Several methods included in the framework have been analysed in more detail to identify the advantages and disadvantages of these methods in practice. Chapter 5 presents the results of assessment of uncertainties in estimates of 1990 N20 emissions from agriculture in The Netherlands using the methods of error propagation and importance analysis. The results indicate that only a small number (three out of 23) of uncertain inventory parameters have large share in the inaccuracy of the emission inventory. These parameters include emission factors for indirect N20 emissions (EF5), the fraction of N leaching from agricultural soils (Fracleach) and the emission factor for direct soil emissions (EF1). Reducing the inaccuracy in the inventory should therefore focus on improved quantification of indirect emissions (based on EF5 and Fracleach) and direct soil emissions (EF1). From a methodological point of view, the results of the N20 case study show that quantification of input value inaccuracy through error propagation is influenced by the statistical
quantification interpretation of the available information in the IPCC Guidelines (default values, and uncertainty ranges of emission factors in particular). This result provides an indication that the extent to which inaccuracies can be assessed depends not only on the characteristics of the method used for the assessment but also on the available information on inventory parameters. Identification of inventory parameters having the largest share in the inaccuracy, on the other hand, was not influenced by the statistical interpretation of IPCC information.

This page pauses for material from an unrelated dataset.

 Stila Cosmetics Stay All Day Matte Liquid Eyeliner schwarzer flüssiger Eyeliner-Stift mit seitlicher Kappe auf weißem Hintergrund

Chapter 6 describes the results of assessment of uncertainty in a European emission inventory of S02 in 1994 using forward air quality modelling and atmospheric measurements. The problem with this type of assessment is that it is not easy to pinpoint emission inventory inaccuracy as single cause of the deviation between measurements and model results. Inaccuracies exist in both the inventory, model and measurements. In the case study it has been analysed whether wind-direction-dependent differences between calculated and measured concentrations can be used to assess inaccuracies in emission inventories. The results indicate that in three regions within the study domain inaccuracy in the emission inventory is the most likely cause for the discrepancy between modelled and observed S02 concentrations. These regions are Sachsen/Brandenburg (Germany), Central England and the western part of the Russian Federation. In Sachsen/Brandenburg and Central England the spatial distribution of the emissions seems to be inaccurate while in the western part of the Russian Federation the total emission estimate seems to be inaccurate. We developed a relatively simple method to identify inventory inaccuracies based on differences between the air quality model and atmospheric measurements. However, it was also shown that the method is primarily a tool for identifying relatively inaccurate parts of the inventory. The method cannot be used to analyse causes of the inaccuracies, such as inaccurate structure or input values. Furthermore, it was concluded that the method is more a qualitative than a quantitative approach.

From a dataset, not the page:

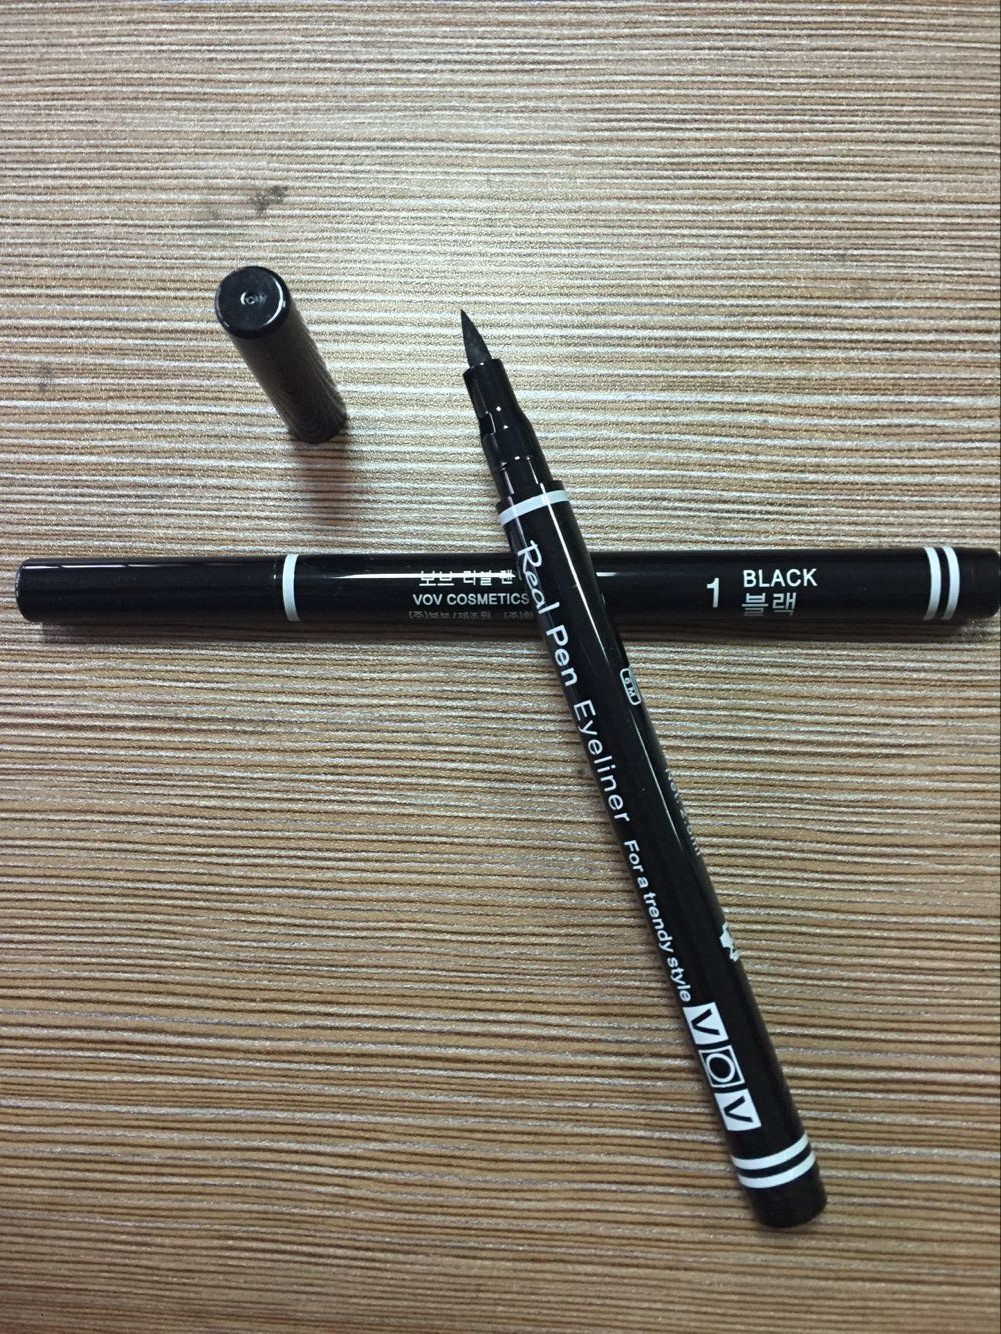 专业定制生产化妆笔包材OEM自动眉笔眼线笔包材图片

There are three ways to use FRAULEIN in practice. First, in situations where the method for uncertainty assessment is prescribed, FRAULEIN clarifies the sources of uncertainty that can be identified, qualified or quantified. Second, if the objective of a study is to assess a specific source of uncertainty, FRAULEIN may serve as a guide for selection of the appropriate methods. Third, if the aim is to perform a full assessment of inaccuracy, FRAULEIN forms the basis of a four-step approach: (1) identification, qualification (2) and quantification (3) of the sources of inaccuracy, followed by evaluation to prioritise further research (4).